Telle ferme finistérienne stipulait dans le contrat d'embauche du "premier commis" qu'il ne lui serait pas servi plus de 3 repas de saumon par semaine ... Telle autre ferme, dans une autre région, admettait que la carpe ne devait pas être servie plus de quatre fois par mois, faute d'être rejetée par les convives ...

Bref, notre indifférence à l'égard du patrimoine halieutique, notre méconnaissance des réseaux hydrauliques, notre inconscience dans la maîtrise de nos effluents, nous ont conduits à préférer le surimi à la chair souvent délectable de nos poissons de rivière.

Je ne prétends pas connaître l'ensemble des poissons de nos rivières bretonnes, mais quand même quelques-uns, pour avoir eu la chance dans ma jeunesse de les goûter à peu près tous et aujourd'hui, étant pêcheur, d'en déguster encore quelques-uns. Leur raréfaction et le fait que la plupart d'entre eux soient interdits à la vente restreignent bien évidemment leur impact sur la gastronomie.

Il y a tellement de bons poissons de rivière qu'il me semble inutile de décrire ou d'évoquer toutes les espèces, néanmoins je considère qu'il faut rejeter ceux qui n'ont aucun intérêt culinaire : carpe soleil, perche du Japon (au demeurant magnifique), gobie, Dover, d'autant qu'ils participent, à leur façon, à créer notre biotope.

La cuisine du poisson d'eau douce me semble méconnue, mais découle en fait des lois françaises en matière de pêche en eaux douces, puisque la commercialisation des poissons sauvages de rivière est interdite sur l'ensemble du territoire.

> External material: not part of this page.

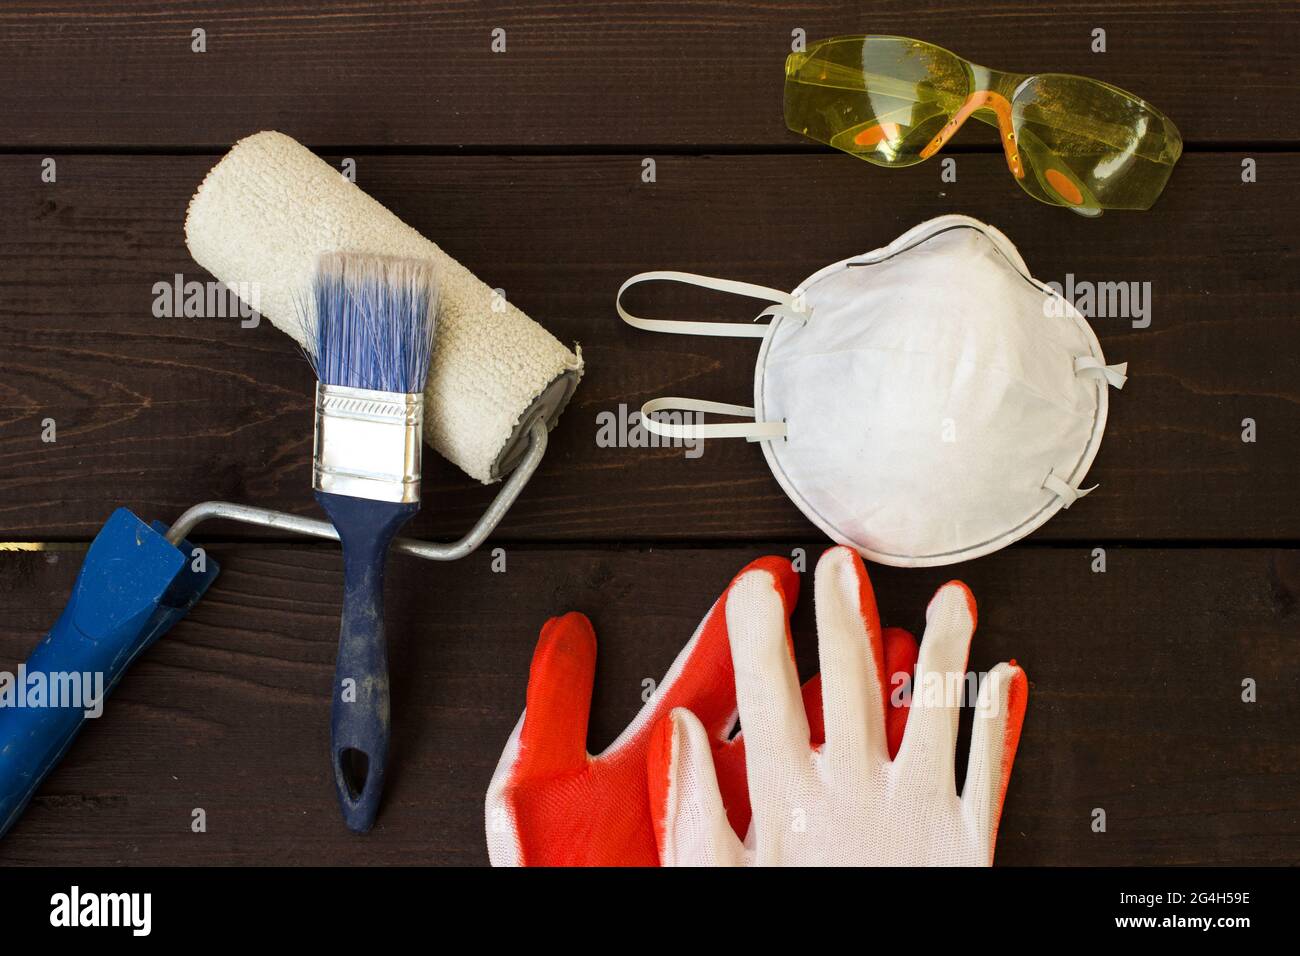 Flat lay composition with safety equipment on wooden background. Industrial protective gear on wooden table. Work safety Stock Photo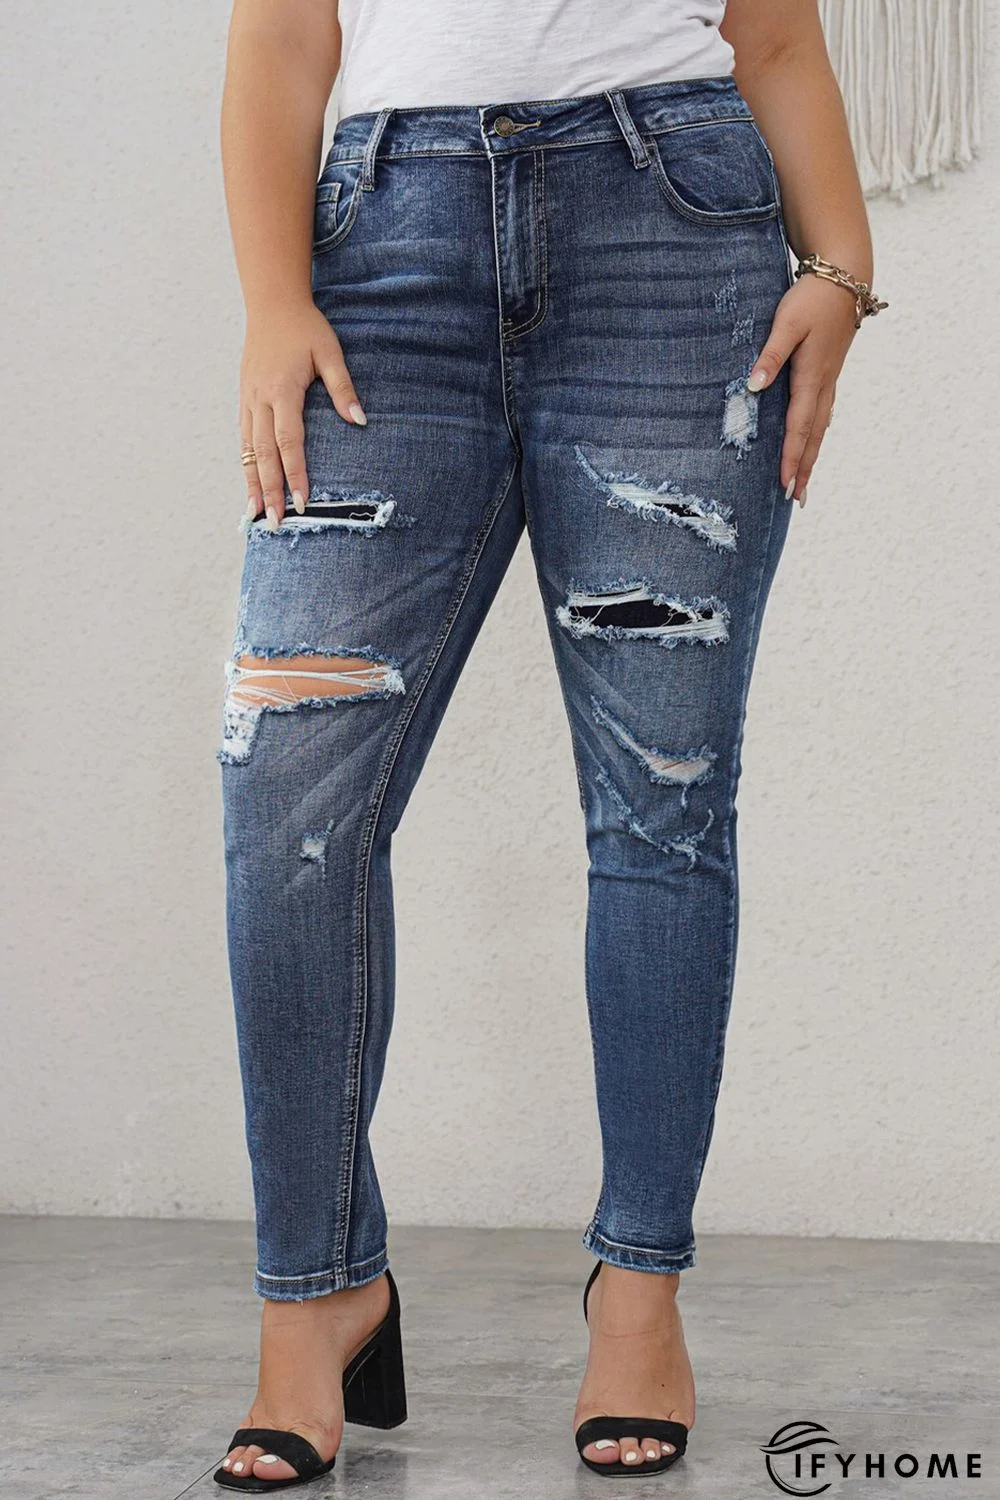 Blue Distressed High Waist Plus Size Jeans | IFYHOME

Néanmoins la prolifération actuelle de certaines espèces modifie quelque peu ces données (sandres, silures pour ne parler que d'eux).

Mais là encore j'attire votre attention sur le fait que la chair des poissons de rivière est toujours très fine de goût, et qu'il ne saurait être question d'en dissimuler les saveurs par des préparations fortement épicées, à moins ce qui reste évidemment possible, que le support ne serve justement qu'à nous faire découvrir de nouveaux horizons gastronomiques.